She does have problems with one of her legs. In the lunging video, its an old problem thats still lurking, the less she moves, the worse she gets, so I need to keep her moving. Most of the time shes not affected by it at all, but if shes not worked oftain enough, she goes lame. We are starting treatment for it this summer to heal it right up.  In this video where Im riding though, its not the injury, but her mug thats affecting her, and that is under treatment. Had been away for 2 days where my parents forgot to clean her legs, so it was a nit worse that day. 

As an old racehorse (trotting with a sulky behind them)I think its called harness racing, but unsure. But from that her back is verry stiff in movement, and on top of that has verry stale back legs from just walking a pasture for 2 years. So shes verry stale overall. Thats why her movement is like it is  

Ohh, slow down the posting, I can see Im going fast, but was hoping I was doing it "eith her" although I loose it a little in the middle.
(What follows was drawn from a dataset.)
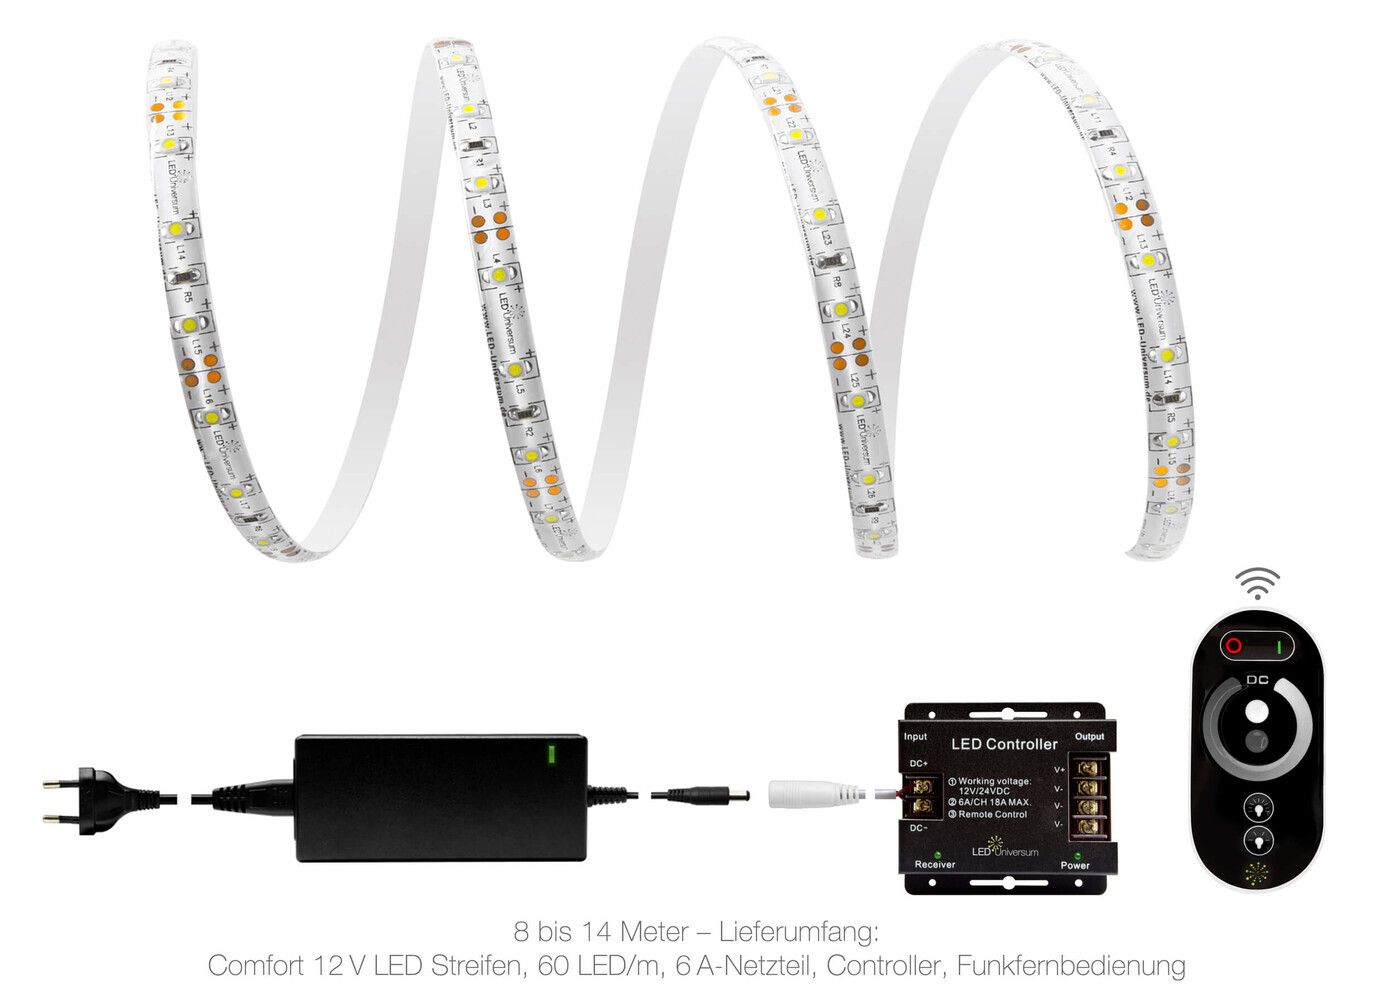 Hochwertiger, kaltweißer 12V Comfort LED Streifen von LED Universum mit 60 LEDs pro Meter und IP65 Schutz

But okey, Ill try slowing that down a little as well!  

Thank you for the help <3 

Heres a picture if its good enough


----------



## tinyliny (Oct 31, 2009)

I wish you had explained that she was a exracer, and a trotting horse. that would have explained a lot of her movement. and , she is old? I thought this was the filly from a horse you had when you were younger?

sorry, if I am getting confused.

also, what is "mug"?


----------



## Hubble (Nov 8, 2016)

Shes turning 11 this year  Sorry for not telling you, I relize now it might have made it a lot easier, haha  

She was born when I was 8 years old, Im now 19, so your still right, my parents leashed her for 7 years, so just got her back from that, they had her to race her as my parents thought she was too stubborn for them to do it themselves. In Sweden, they can only race until the age of 10 if its a mare, you get till 12 if its not.  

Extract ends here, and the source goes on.